Они сидели в просторной, светлой комнате на втором этаже тюрьмы; Гальярд настоял, чтобы для Эрмессен тоже принесли стул, чтобы ей не приходилось козырять своим угнетенным положением при допросе. Окна забраны решетками, да охранник Ферран караулит у дверей с дубинкой на поясе – а так обычное помещение, меньше капитульной залы маленького монастыря. Камеры, находившиеся в полуподвальных, нижних помещениях, Гальярд тоже осмотрел, велел принести туда, кроме свежей соломы, по шерстяному одеялу, выдавать каждой женщине по половине сальной свечи на ночь и следить, чтобы тех не отличали в пище от простых заключенных. Жарким днем в нижней одиночке должно быть едва ли не лучше, чем в душной общей камере, а сейчас – конец апреля, время теплое и благодатное. Фран был совершенно прав – инквизиционные тюрьмы всегда в лучшую сторону отличались от уголовных, в том числе и из-за наличия внешнего контроля, исходившего от инквизиторов. Никакими мучениями, кроме разве что моральных – из-за отсутствия свободы передвижений – обеих женщин тут не испытывали. Если не считать, конечно, самой жестокой истории, приведшей их сначала в руки епископа, а потом – и далее. Но уж в ней-то инквизицию трудно винить, даже при всей предвзятости… Эрмессен – что ни говори – случай, считай, безнадежный.

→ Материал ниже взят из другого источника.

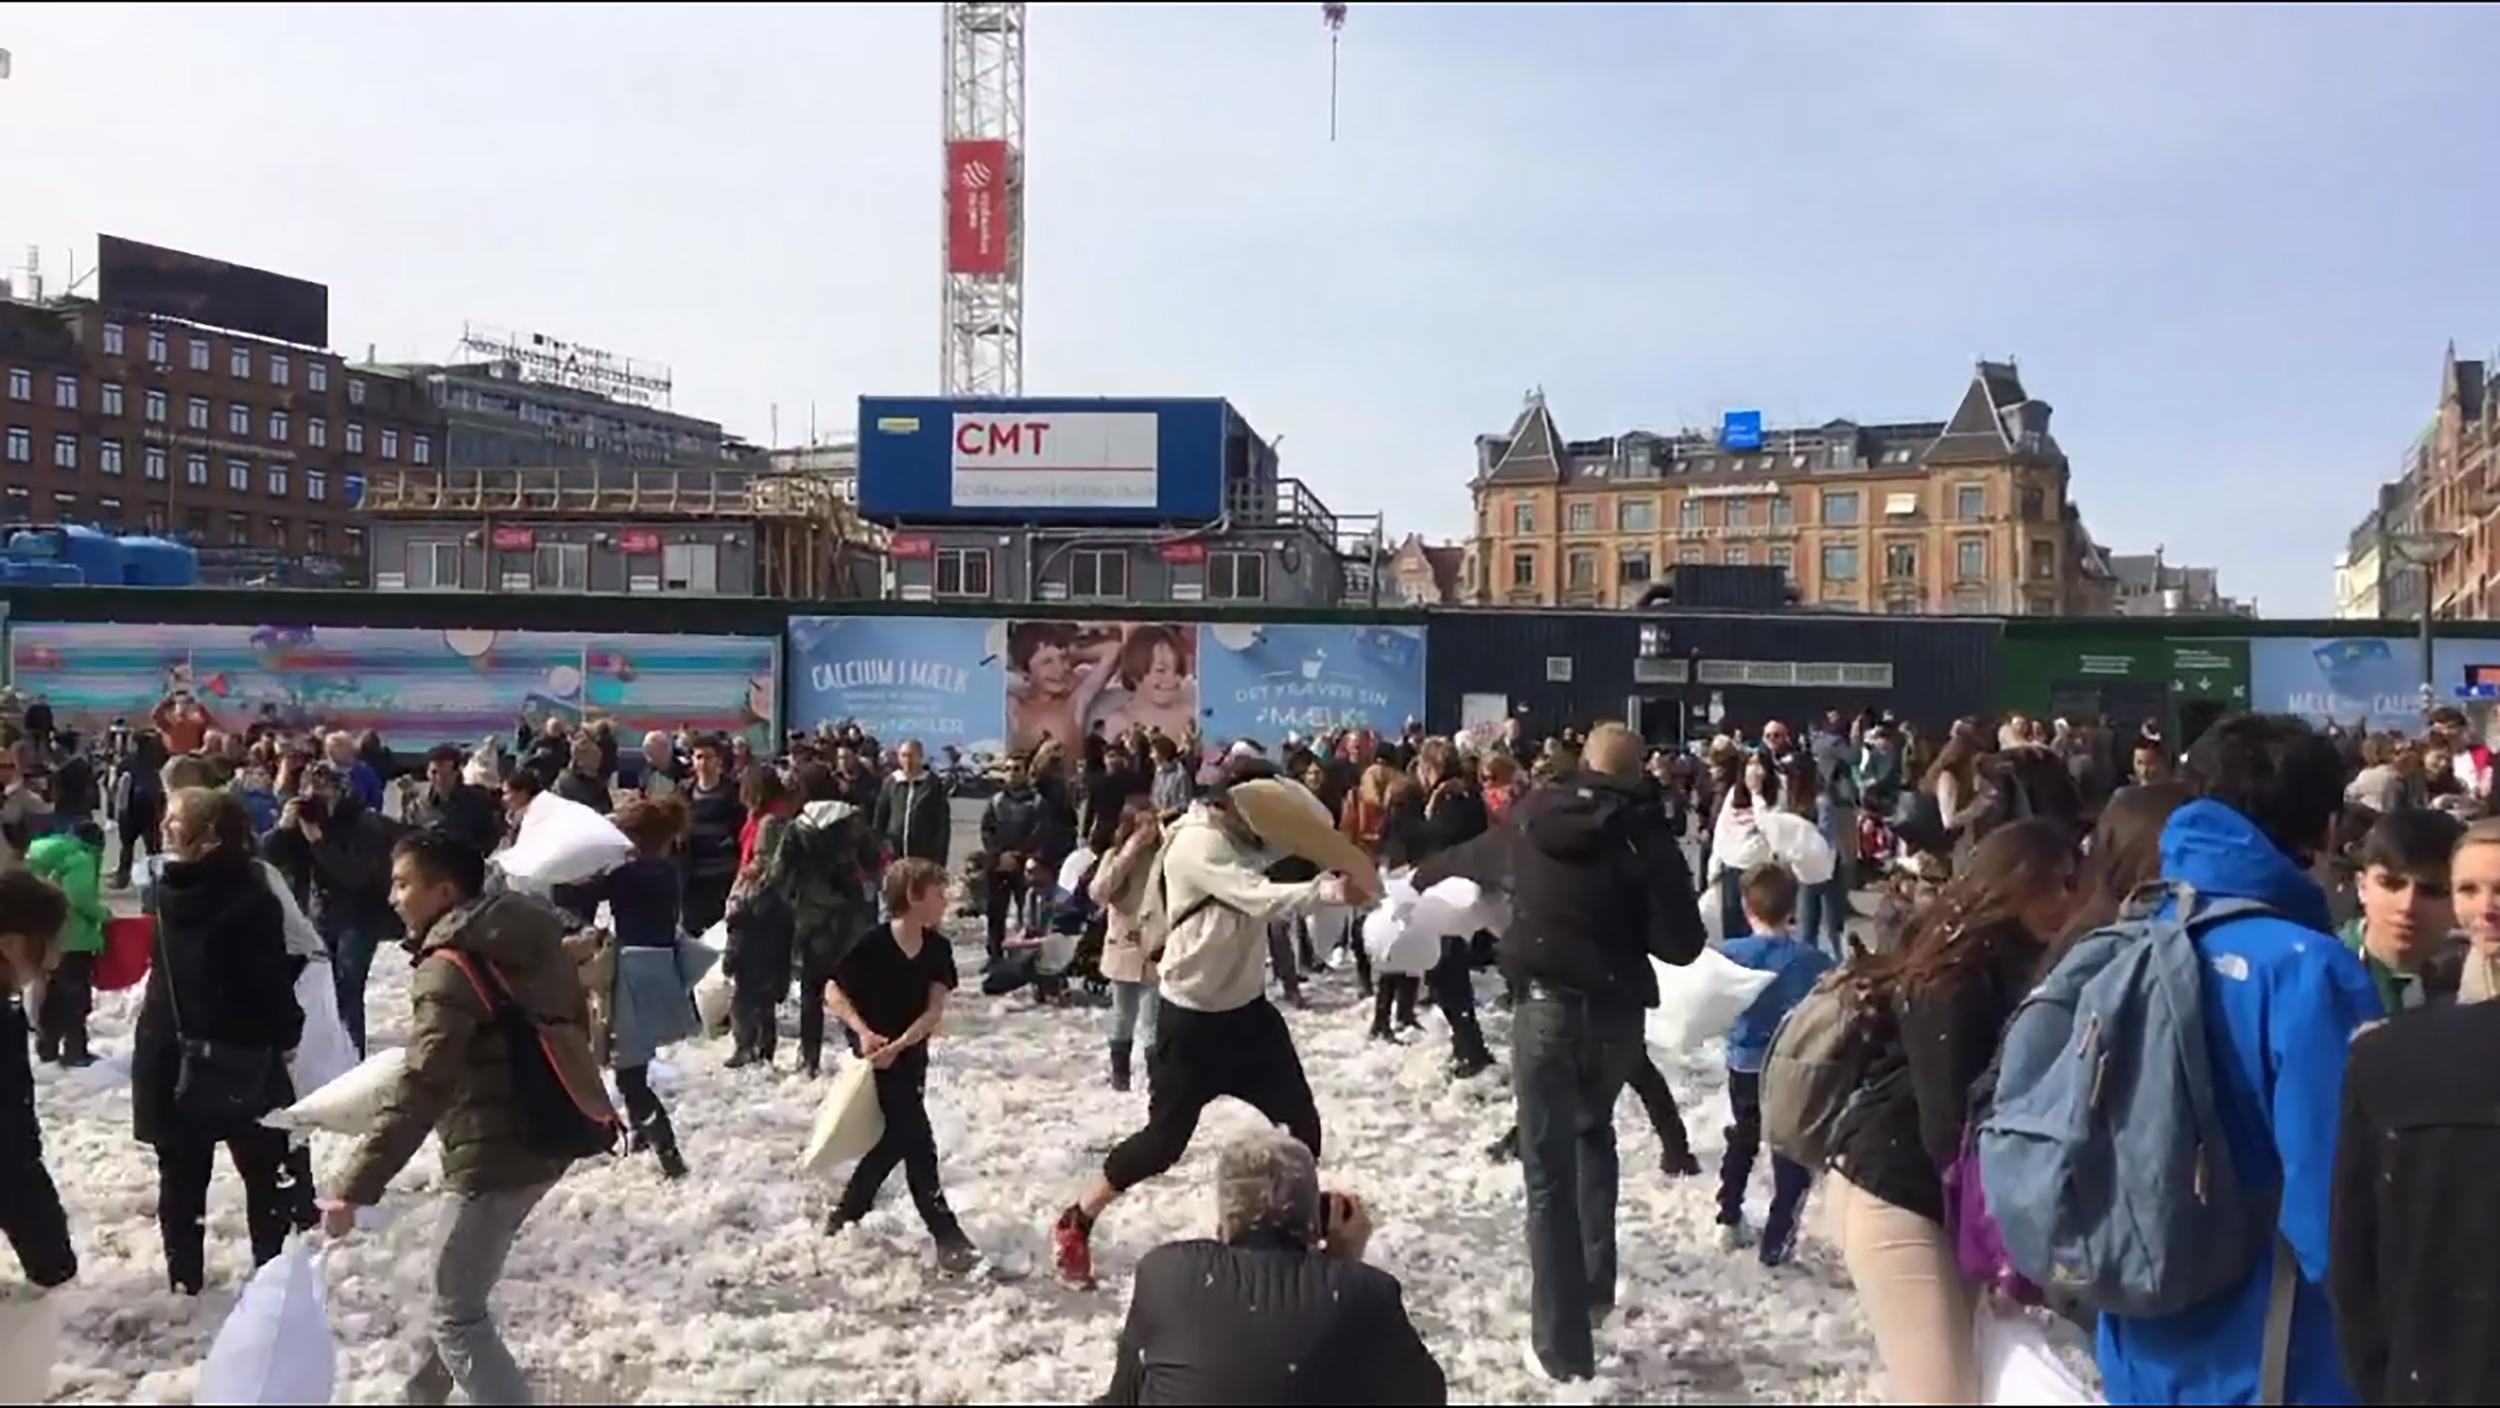 Mid-pillow fight in Copenhagen.

Но удастся ли объяснить что-нибудь девочке, молодой душе, уже изрядно запуганной и одурманенной сильной личностью своей наставницы? Нужно проверить, насколько далеко зашла порча… и лечить. Таких юных чаще всего удается вытащить. Если бы еще не было тюрьмы, ни камер, никакой силы на стороне белых монахов, а были бы два нищих проповедника – как желал отец Доминик – два проповедника и человеческий слух, всегда могущий раскрыться навстречу истине…

Сосуды для разного употребления, напомнил Гильем-Арнаут. Для разного, сынок. Не гнушайся тем местом, на которое поставил тебя Господь. Я в свое время смог на нем достичь святости.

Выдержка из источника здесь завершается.